Apparently the Super Champ uses a SS preamp circuit with a 12AX7 phase inverter and 2 6V6 power tubes. Tube snobs are having a major conniption over it, it seems.


----------



## NB-SK (Jul 28, 2007)

Robert1950 said:


> Apparently the Super Champ uses a SS preamp circuit with a 12AX7 phase inverter and 2 6V6 power tubes. Tube snobs are having a major conniption over it, it seems.


Well, it is a 250$, so I don't see what the fuss is about. Besides, hasn't Fender been making SS amps for years?


----------



## traynor_garnet (Feb 22, 2006)

I believe both amps are a SS front end. The BS meter peaks with the "problems associated with tube preamps" (or something like that)statment in Fender's ad copy. Seriously, give me a break . . .

The amps may sound great, but the ad copy is bad enough to make me highly suspicious.

TG


----------



## NB-SK (Jul 28, 2007)

traynor_garnet said:


> I believe both amps are a SS front end. The BS meter peaks with the "problems associated with tube preamps" (or something like that)statment in Fender's ad copy. Seriously, give me a break . . .
> 
> The amps may sound great, but the ad copy is bad enough to make me highly suspicious.
> 
> TG



No, they really made that statement?

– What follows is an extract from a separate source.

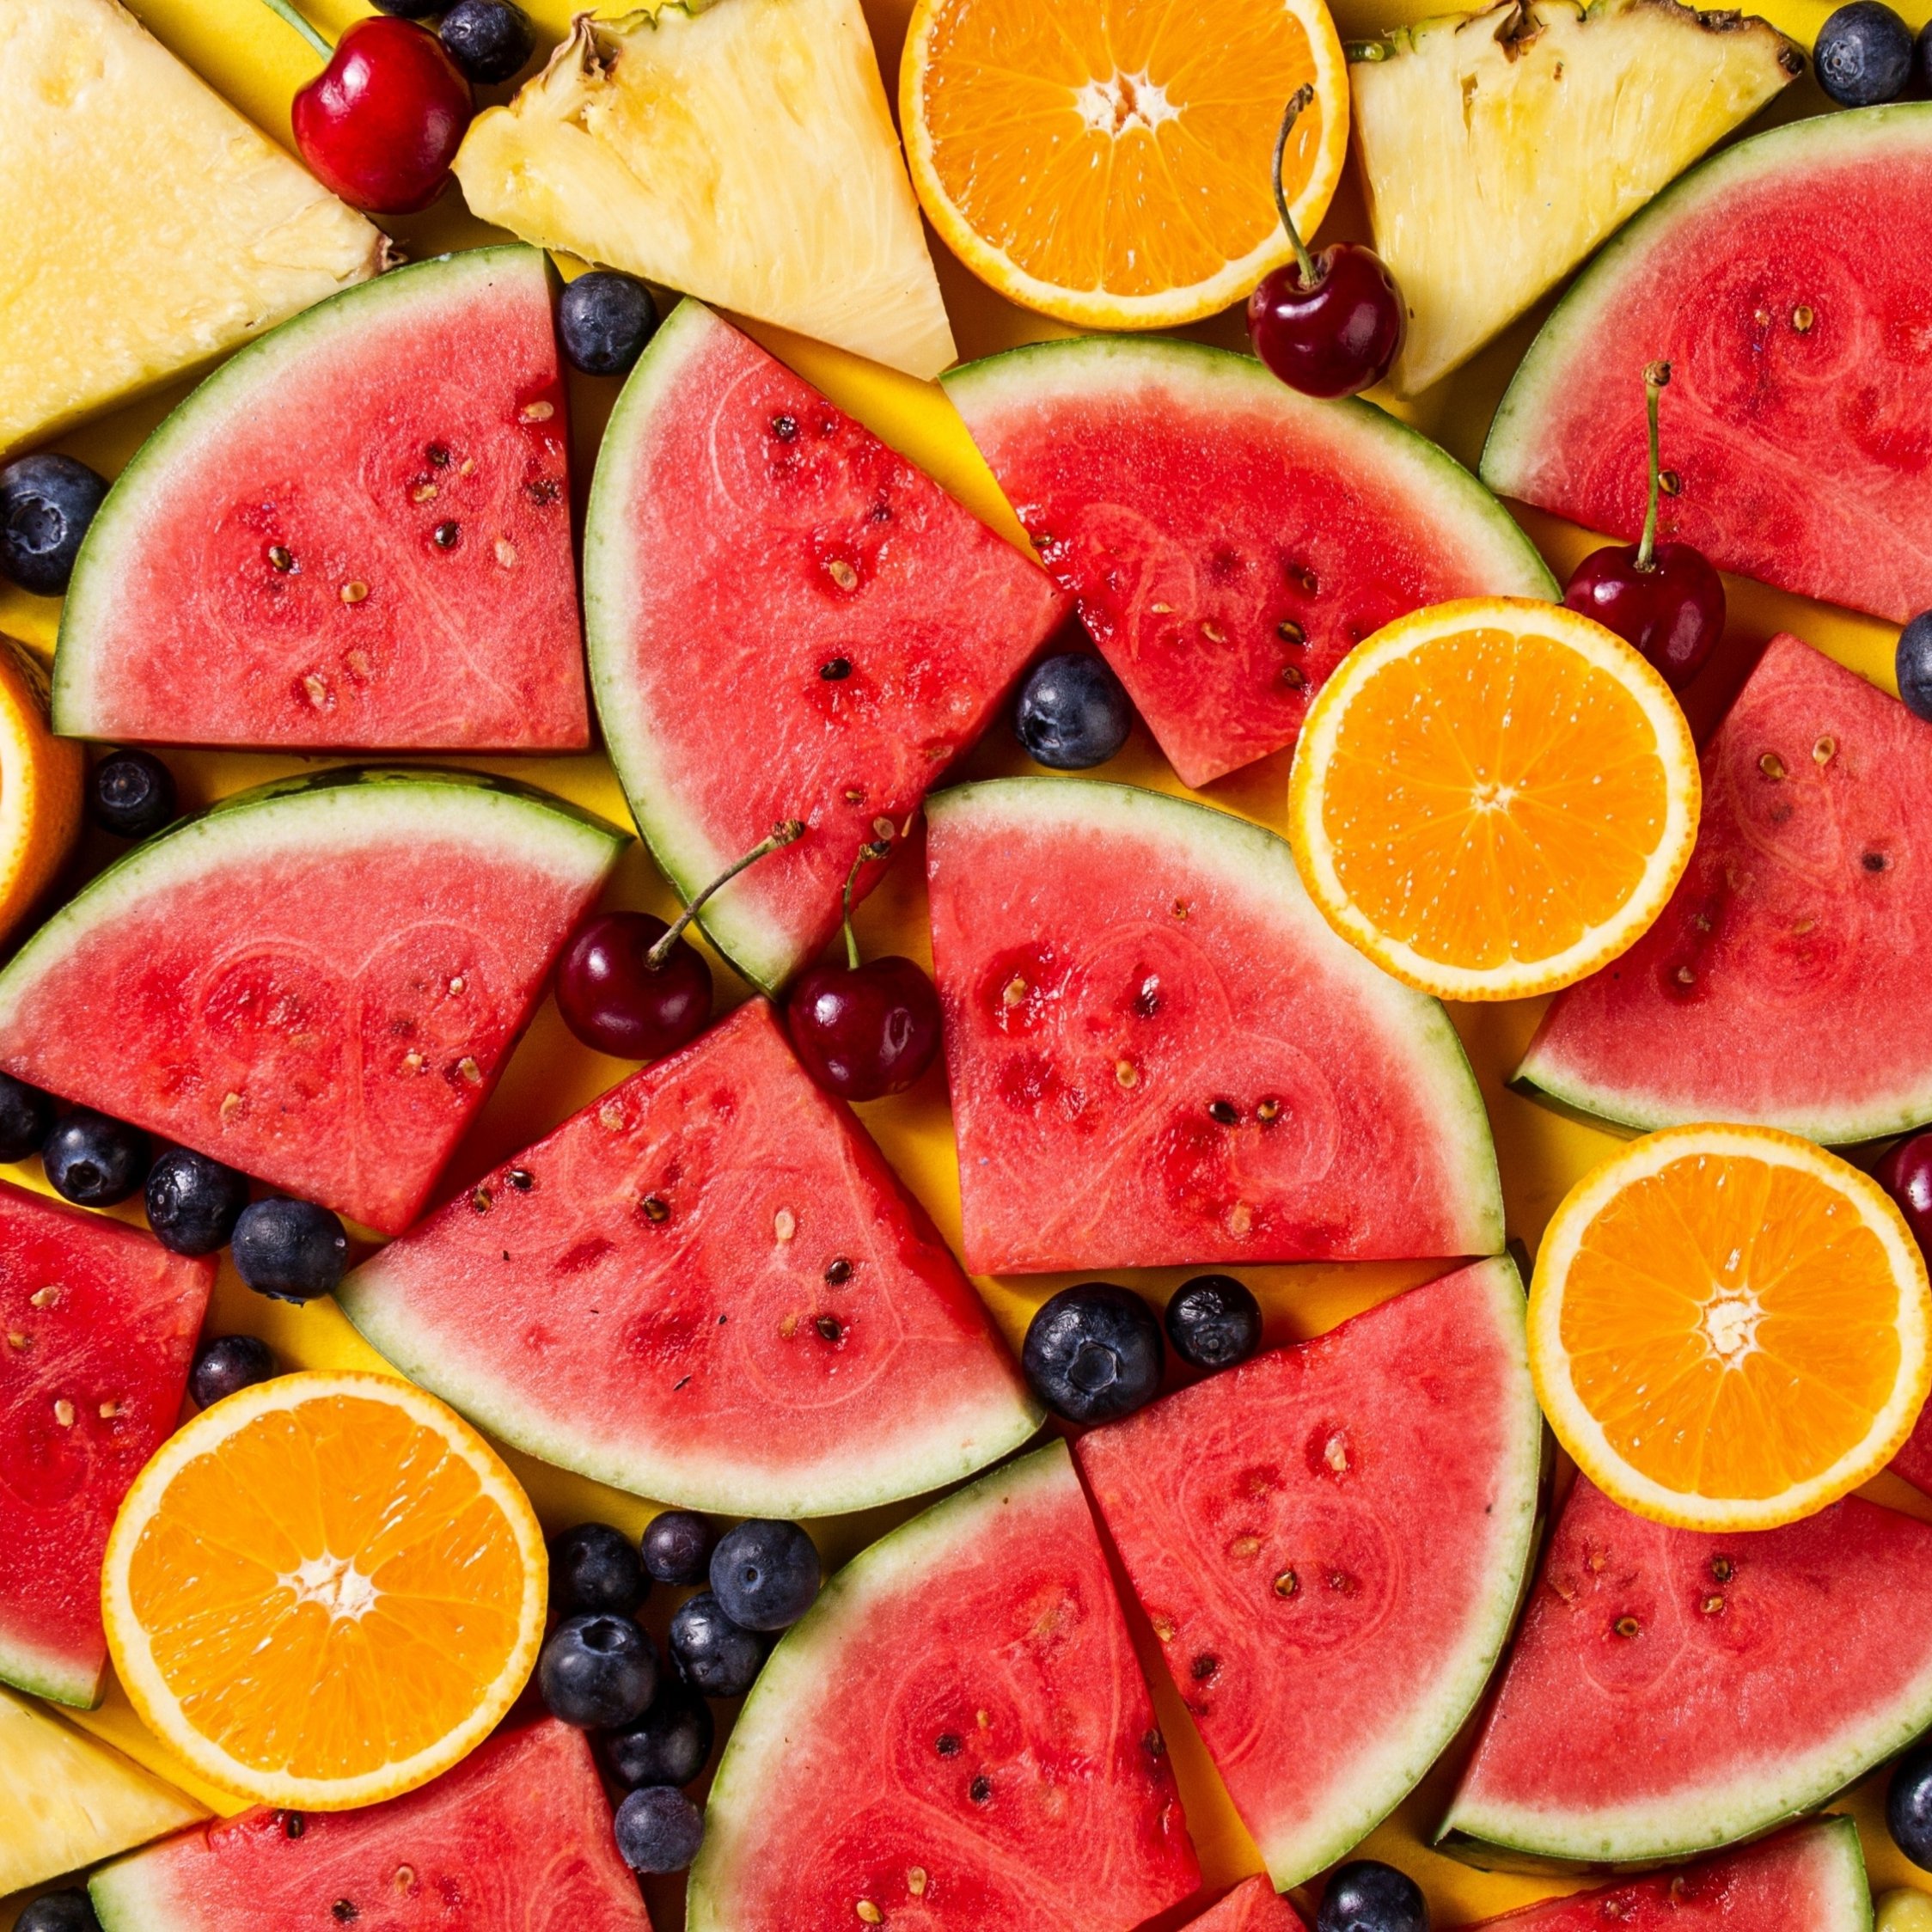 Download colorful fruits, berries, watermelon, summer 2248x2248 wallpaper, ipad air, ipad air ipad ipad ipad mini ipad mini 2248x2248 HD image, background, 24572

Well, maybe they should start charging less for their tube amps, then.


----------



## torndownunit (May 14, 2006)

I am interested to see how they sound. I wish they didn't have the DSP effects. The cost could likely be cut down even more then.


----------



## traynor_garnet (Feb 22, 2006)

NB-SK said:


> No, they really made that statement? Well, maybe they should start charging less for their tube amps, then.


Good news, they both have a 12ax7 in the preamp! A guy on the gearpage stated they were solid state since the super champ claims "The inclusion of solid-state overdrive and distortion eliminates many of the preamp tube problems that plague tube lovers." Still BS, but much better than a SS front end.

TG


----------



## traynor_garnet (Feb 22, 2006)

torndownunit said:


> I wish they didn't have the DSP effects. The cost could likely be cut down even more then.


Yes, and the effects are likley only average at best. I predict one of the first mods to these things will be entirely elimainating the DSP from the circuit.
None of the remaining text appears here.